Tuesday, February 17, 2009

ORM: The Leaky Abstraction

I strongly dislike ORM.

Object-Relational-Mapping that is, I quite like the other kind.

The main reason for me to get this dislike is that ORM is one of the worst cases of leaky abstractions I've ever encountered. Again and again I find myself having to jump out of the object world, trying to identify the particular query I want to do in the relational world and then having to figure out the way I can convince my JPA persistence layer to do exactly this. Instead of just formulating a query in some relational query language I know have to understand not only the query but also how my JPA provider of choice maps objects and their annotations into the relational world. Life certainly didn't get easier this way.

My current problem is the way Hibernate does eager fetching.

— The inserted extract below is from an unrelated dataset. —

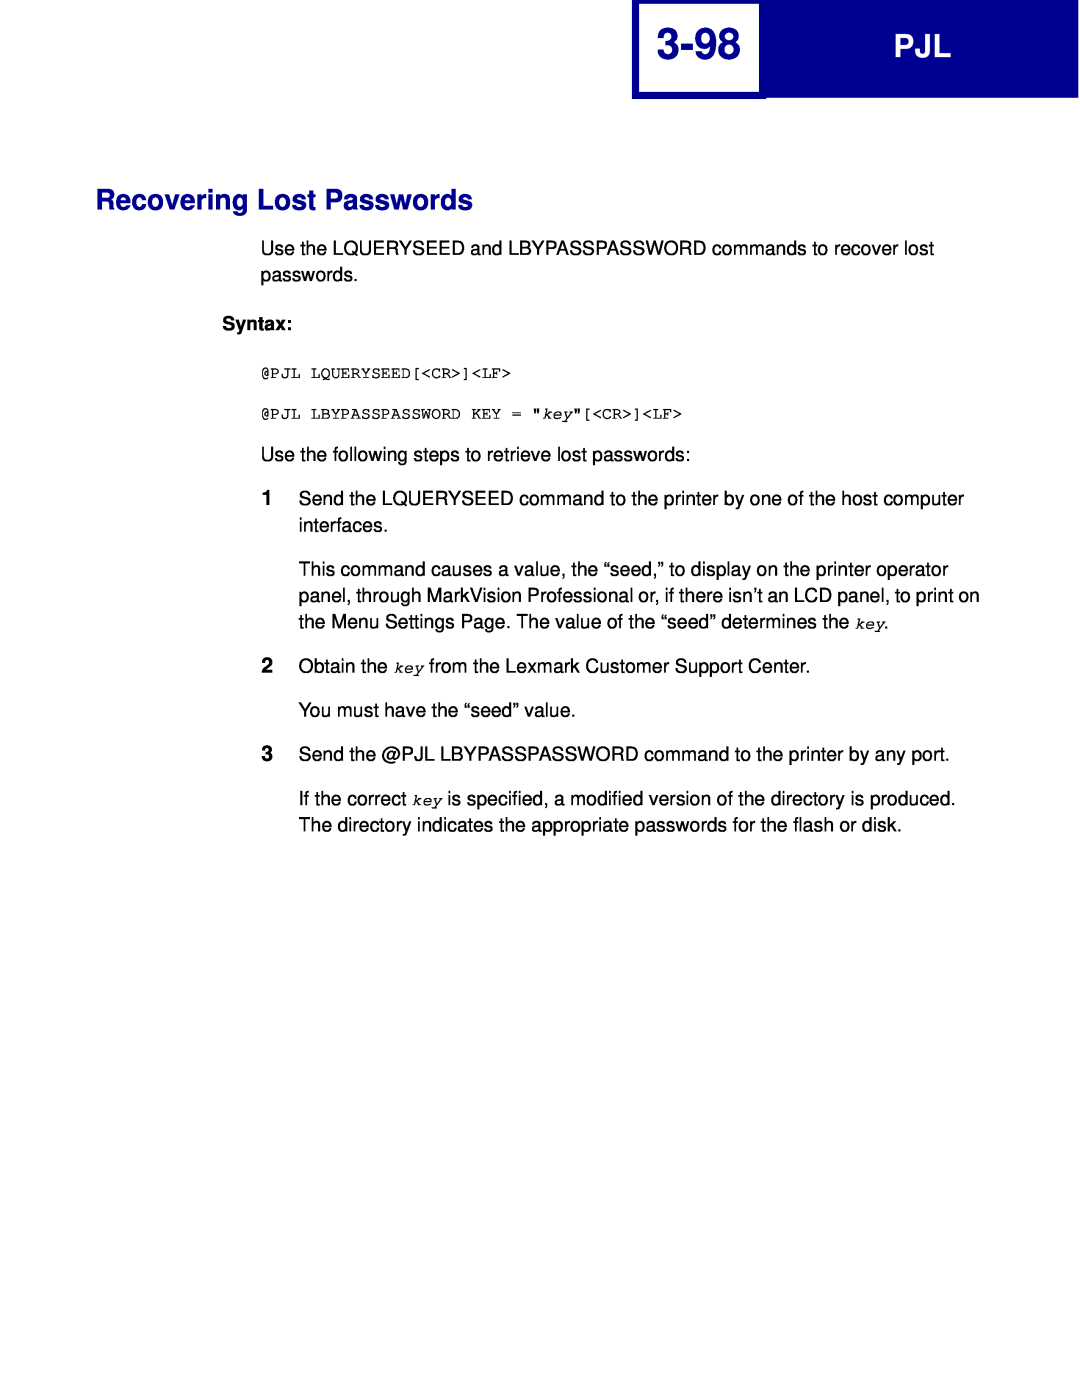 Lexmark C762, C760 manual 3-98, Recovering Lost Passwords, Syntax

All I want is a fully initialized object which I can pass out of my JPA session and it will work. This object has a few one-to-many relationships to small objects, which all should be available. Some of these sets can be reasonably large, but not really large enough to be of concern for in-memory storage. Unfortunately Hibernate tries to fetch them all in a single query, which means instead of fetching first N1 entries, then N2 entries, ... then Nn entries, it creates a single query for a cross-product that has N1*N2*...*Nn rows -- enough to run aout of half a gigabyte of heap space with a database that's less than half a megabyte of plaintext SQL.

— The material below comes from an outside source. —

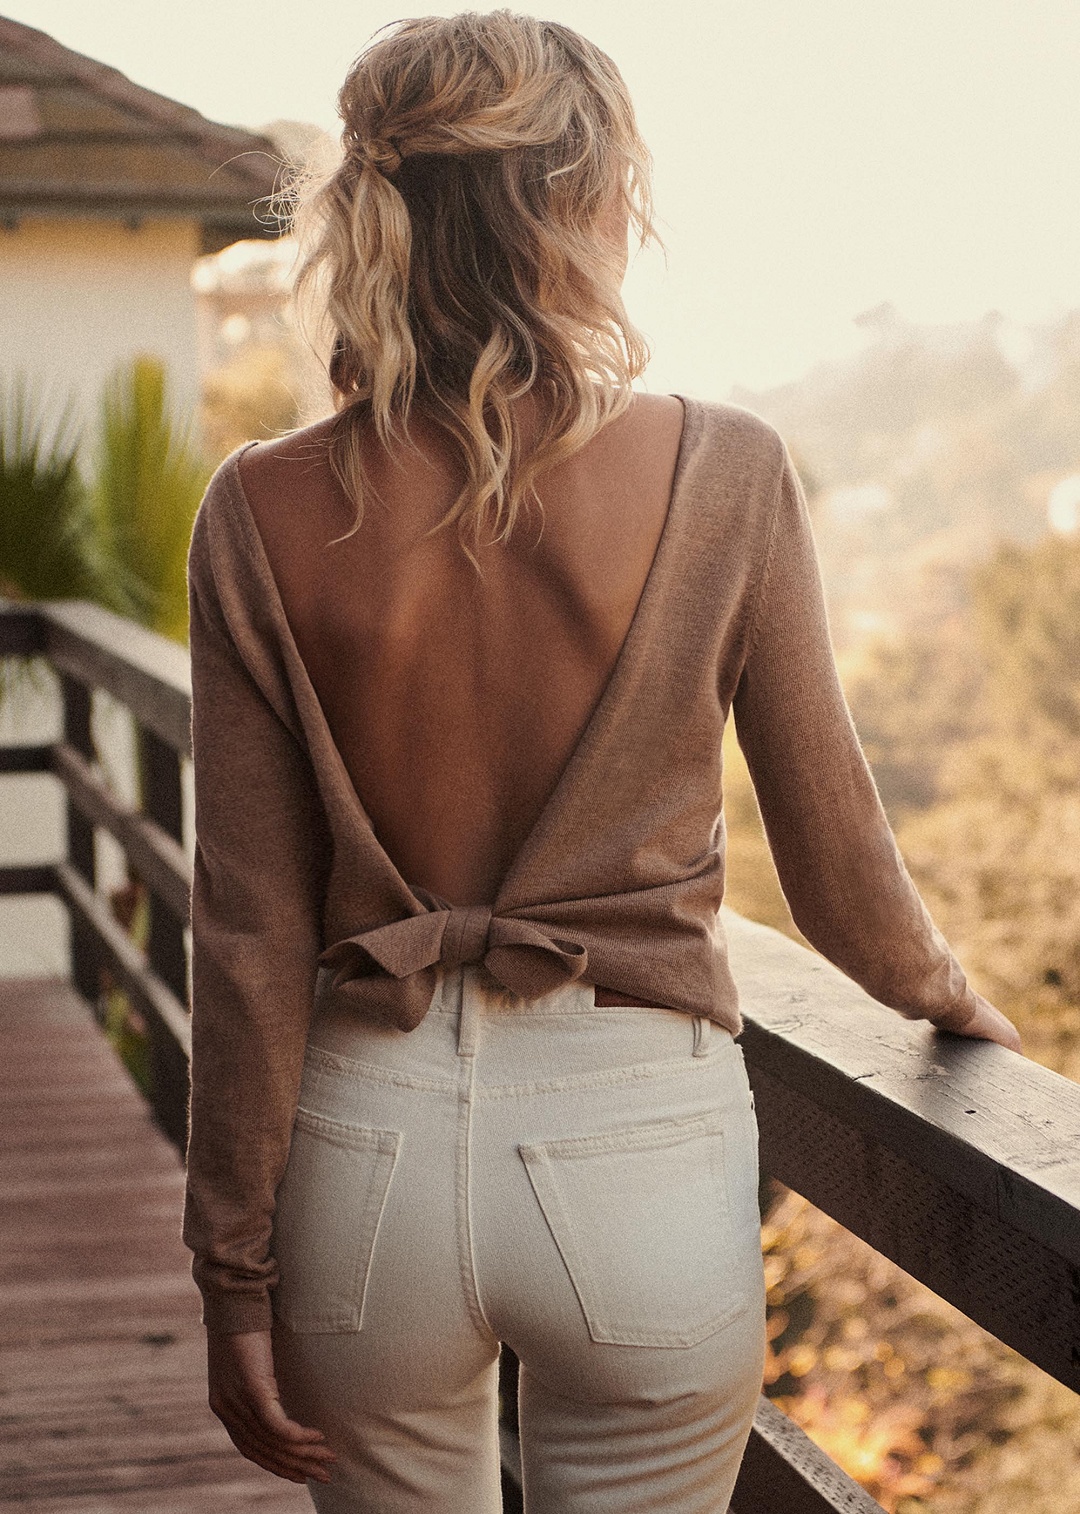 Bow Back Camel Sweater White Jeans

I could try another JPA provider, but I somehow suspect quite strongly that it is not going to help and thanks to some omissions in the JPA spec I'm kind of committed to Hibernate already. The JPA spec actually doesn't define what "eager fetching" or "eager loading" means: both terms are used quite a bit but never defined -- at least I didn't find a definition searching trough the document.

I suspect the JPA crowd is going to tell me not to use eager fetching then. If my session would live at least as long as the object that would be ok, but that is not the case. So now I'll have to write code that traverses everything I need to fetch myself, maybe even invent my own annotation so I'll be able to maintain that with reasonable effort across multiple entry vectors. What a pain.

Maybe it is time for me to try using some object database technology. There should be some way out of the ORM pain.


Pietu Pohjalainen said...

Hi Peter,
I happened to browse to your site when searching for info about FCA tools. Accidentally, I found your rant about ORM technilogies, especially Hibernate.

I've had similar experience with JPA. My solution was to use the source code's properties to determine which objects to fetch. There's a paper explaining the technique at:
P. Pohjalainen and J. Taina: Self-configuring object-to-relational mapping querties. PPPJ '08 Proceedings of the 6th international symposium on Principles and practice of programming in Java, 2008.

Maybe you're no longer struggling with JPA, but at least that's something to look at.